But Phemelo has not completely left the world of dance behind – she won coveted trophies in Latin American & Ballroom in the Juvenile, Junior and Youth categories and also represented South Africa four times at the World Dance Sport Championships.

She teaches dance in South Africa’s Pretoria and Johannesburg, and describes herself on Instagram as ‘MTB [motorbike] rider, swimmer, hiker, fitness enthusiast, ambitious’.

But Phemelo wasn’t the only sister who initially pursued an academic career.

Motsi studied law at the University of Pretoria and was set to join the family law firm before she decided to swap her legal studies for dance.

And Oti studied civil engineering for four years because she “liked maths and science,” but admitted she missed dancing too much and went back to performing.

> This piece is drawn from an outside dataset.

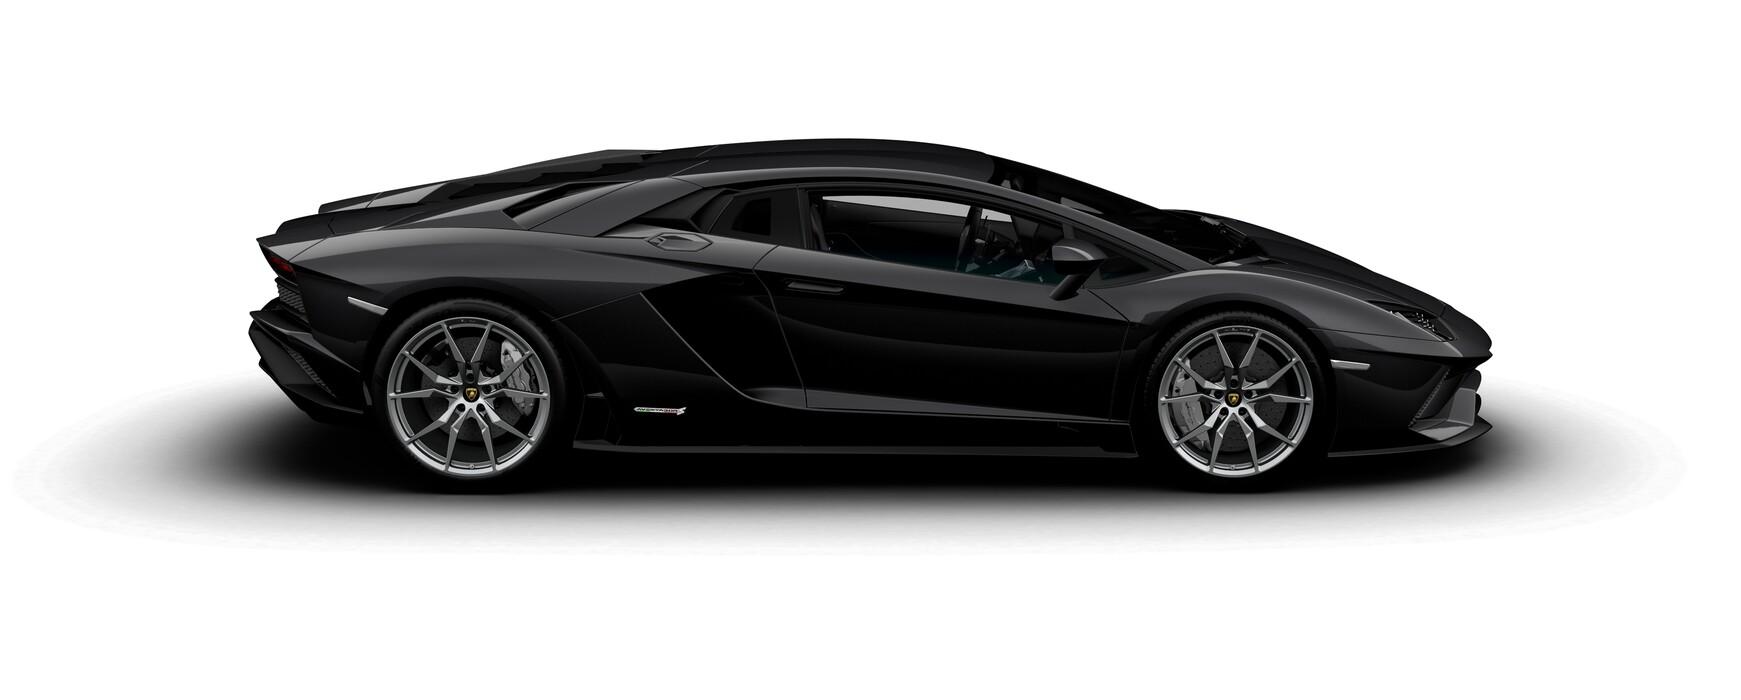 Lamborghini Aventador S Coupe metallic Nero Pegaso side view
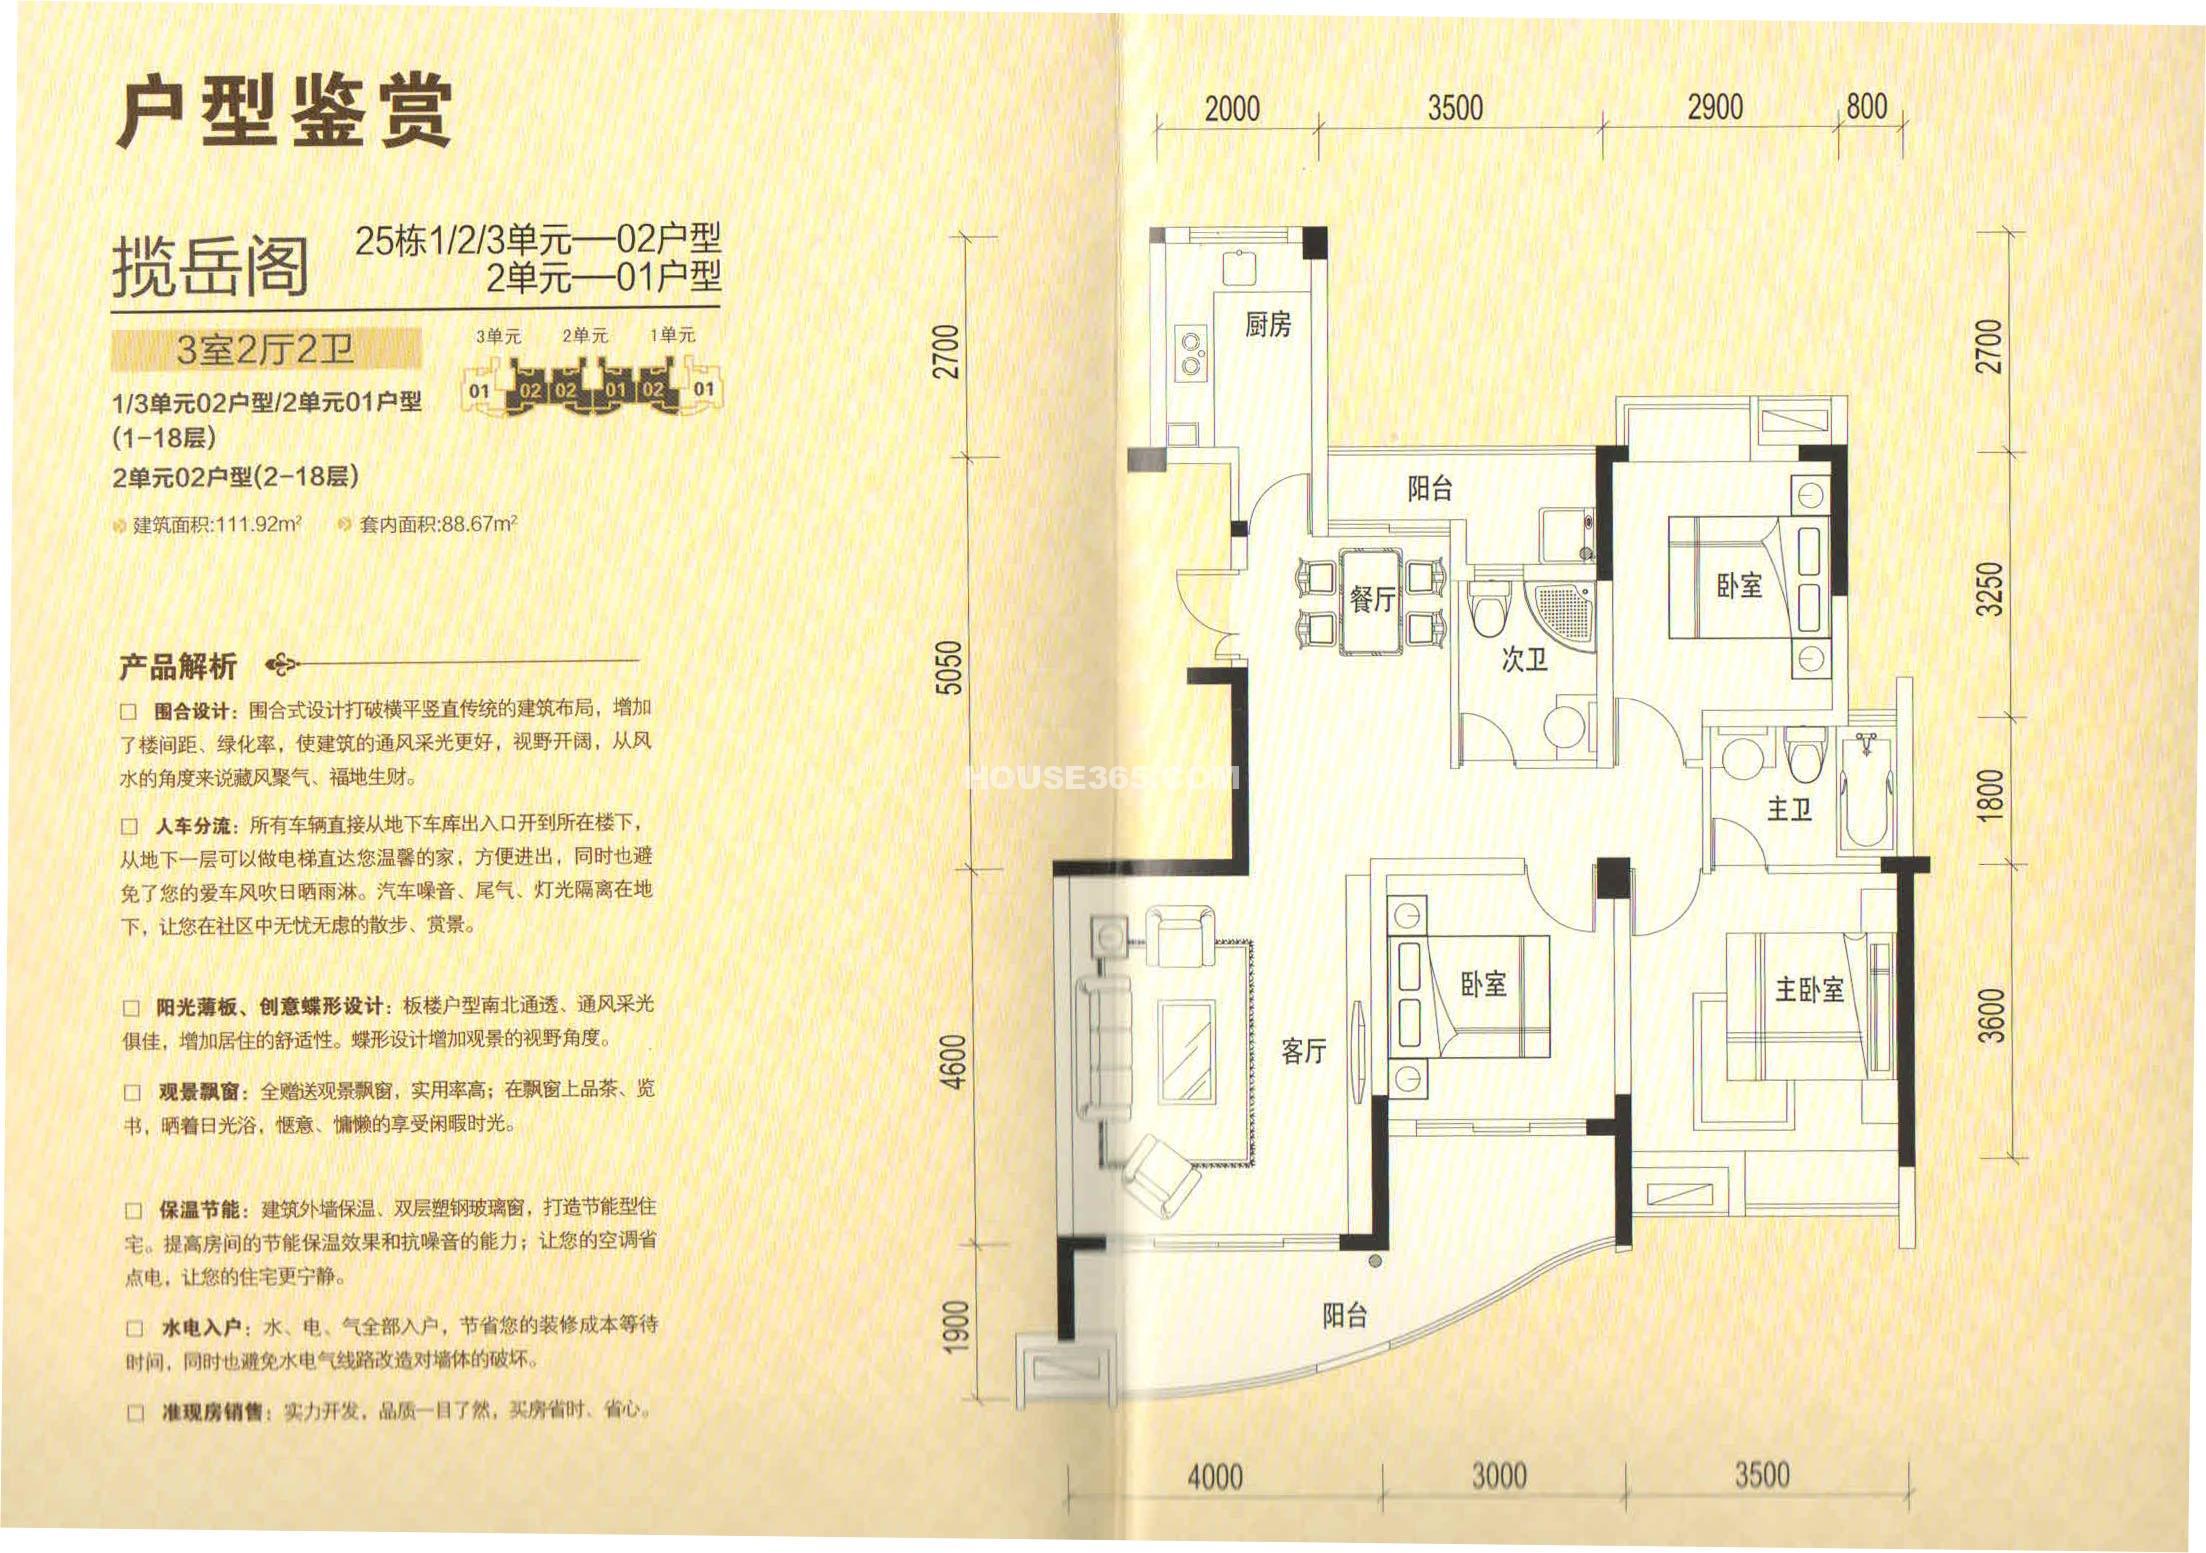 世纪金源御府揽岳阁25栋1/2/3单元-02 2单元01户型三室两厅两卫111.

They might live in different countries, but the lookalike sisters still gush over each other on social media, proving their bond is intact.




Oti posted a snap of the three of them together on Instagram, remarking they all shared the “same nose”.

Phemelo posted a photo of Motsi and Oti, writing alongside it: “I love how my sisters embrace their natural state, it makes them sooo beautiful to me @motsimabuse @otimabuse.”

Oti responded: “You mean no makeup?

“You’re beautiful the most when you’re happy @phemelom.”

Motsi also posted sharing some touching advice that her mother gave her when she was little.

“Be nice to your sisters,” she recalled her mum saying.

“Your friends will come and go, but you will always have your sisters. And I promise that someday they will be your best friends.”

She went on to call Oti and Phemelo her “support,” her “allies,” her “audience and critics” and her “best friends”.